Roger Bivand Roger.Bivand at nhh.no
Sat Jan 18 08:31:17 CET 2014


On Fri, 17 Jan 2014, Tim Keitt wrote:

> On Fri, Jan 17, 2014 at 1:22 PM, Roger Bivand <Roger.Bivand at nhh.no> wrote:
>
>> On Fri, 17 Jan 2014, Jonathan Greenberg wrote:
>>
>>  Across all vector formats, which do you think would be a good
>>> intermediate between in-memory Spatial* and PostGIS?  I'd put a few
>>> stipulations:
>>> 1) The format should be open source and supported by existing APIs
>>> (OGR/rgeos)
>>> 2) It should be portable (file-based)
>>> 3) It should be "scalable" (able to support arbitrarily large vector
>>> databases)
>>>
>>
>> Could I ask for a range of use cases? The sp classes are designed for
>> statistical analysis, so in general some hundreds of thousands of
>> observations/features should suffice amply. The use cases should
>> demonstrate which kinds of objects and functionalities are thought
>> necessary. The fact that there is lots of data doesn't mean that it is all
>> needed for analysis or inference, or even visualization, I think?
>>
>> Have you considered interfacing the OGR utilities from the system() call
>> to subset features/fields?
>>
>> I think that 2) - file-based - is moot, if there is that much data, it
>> needs to be in a database system, possibly with an OGR driver, which OGR
>> utilities could access.
>>
>> Have you considered Terralib (now 4, the development version 5 will be
>> closer to GDAL/OGR)?

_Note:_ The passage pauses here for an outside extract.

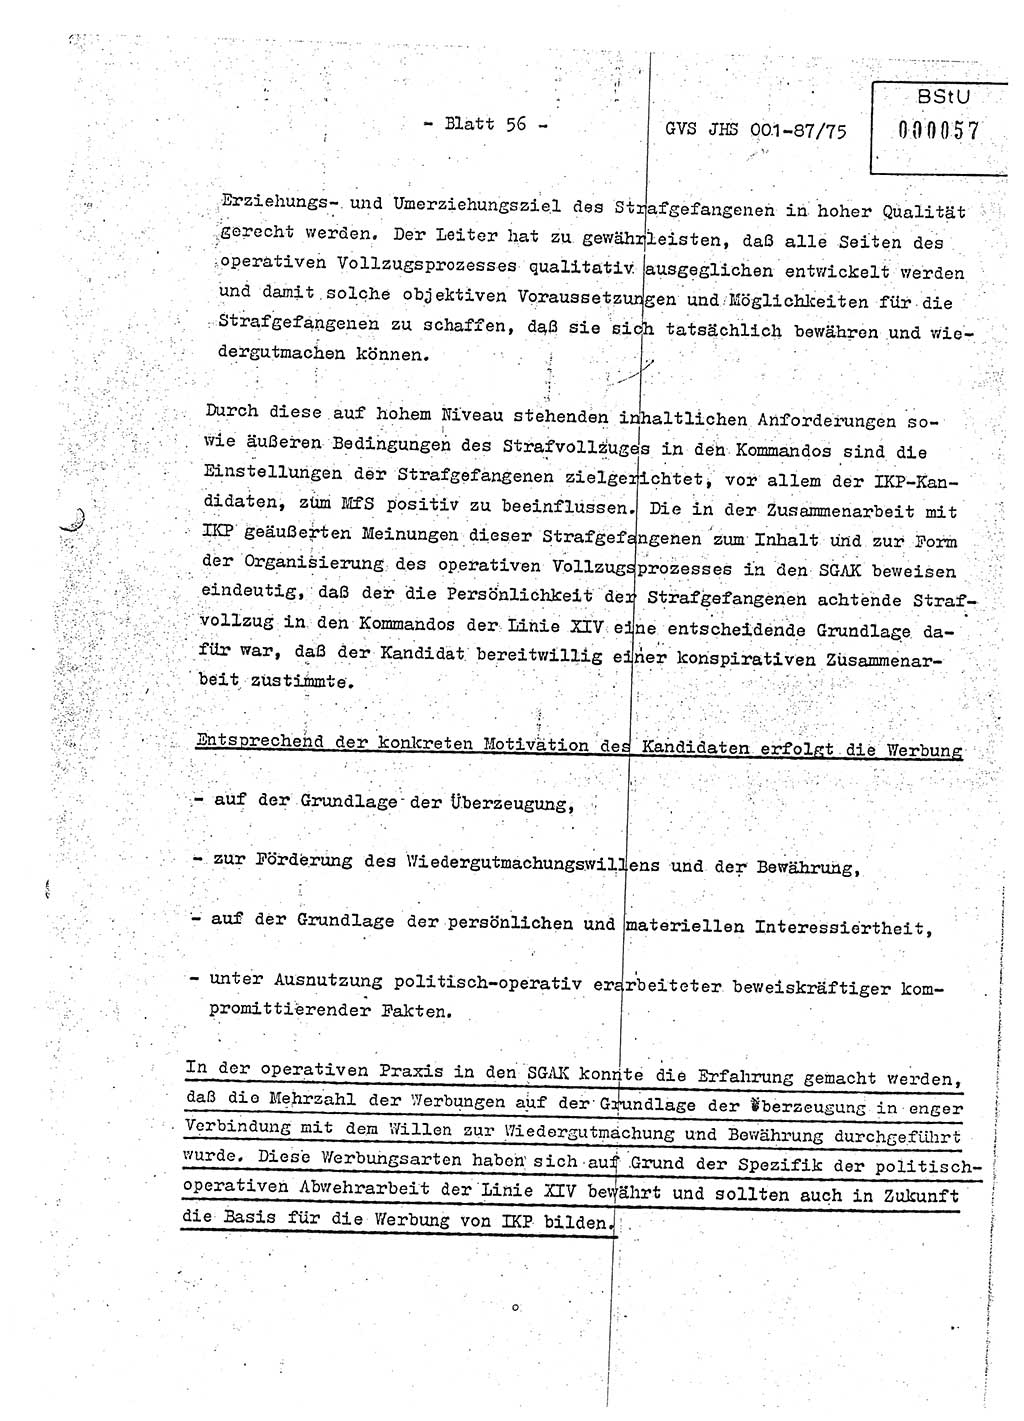 Diplomarbeit Hauptmann Volkmar Heinz (Abt. ⅩⅣ), Oberleutnant Lothar Rüdiger (BV Lpz. Abt. Ⅺ), Ministerium für Staatssicherheit (MfS) [Deutsche Demokratische Republik (DDR)], Juristische Hochschule (JHS), Geheime Verschlußsache (GVS) o001-87/75, Potsdam 1975, Seite 56 (Dipl.-Arb. MfS DDR JHS GVS o001-87/75 1975, S. 56)

My intuition is that this is a viable solution.
>>
>> We really also need to accommodate space-time objects in any significant
>> revision, I think - or at least prepare object structures that are
>> forward-looking with regard to temporal data.
>>
>> I have asked several times for volunteers to rewrite rgdal::readOGR
>> (without anyone stepping forward), because it is fairly inefficient, and
>> should support SQL queries introduced in GDAL/OGR from 1.8. Supporting the
>> OGR SQL dialect means that all drivers support queries on FID and field
>> values.
>>
>> Within the next four years, I will be giving up maintenance of rgdal and
>> rgeos (possibly other packages too). I can help, but users do not deserve
>> key packages potentially compromised by the health and poor responsiveness
>> of an emeritus. Forward planning is needed for others to take on these
>> responsibilities before it becomes a matter of urgency. The pool of active
>> developers must be enlarged this year.
>>
>
> Roger,
>
> Thank you for your maintenance efforts!
>
> I've drifted towards postgis/C++ over time in my own work, but am now 
> developing some courses around R. I anticipate being fairly active with 
> R development going forward. I have a full rewrite of the OGR io bits 
> that I will make available soon. It works really well when your data are 
> in postgis or any other OGR format.

Tim,

This is very positive, thanks! When you are ready (or even before!), I'd 
strongly encourage others to get to know more of the rgdal/rgeos 
internals, and developments in the underlying software and standards. I'll 
be speaking at OGRS in Helsinki in June (http://2014.ogrs-community.org); 
could we use that as a tentative time frame (especially if interacting 
with others in the open source geospatial communities may be helpful)? 
Should we try to put an RFC together (and put it on R-forge, for example)?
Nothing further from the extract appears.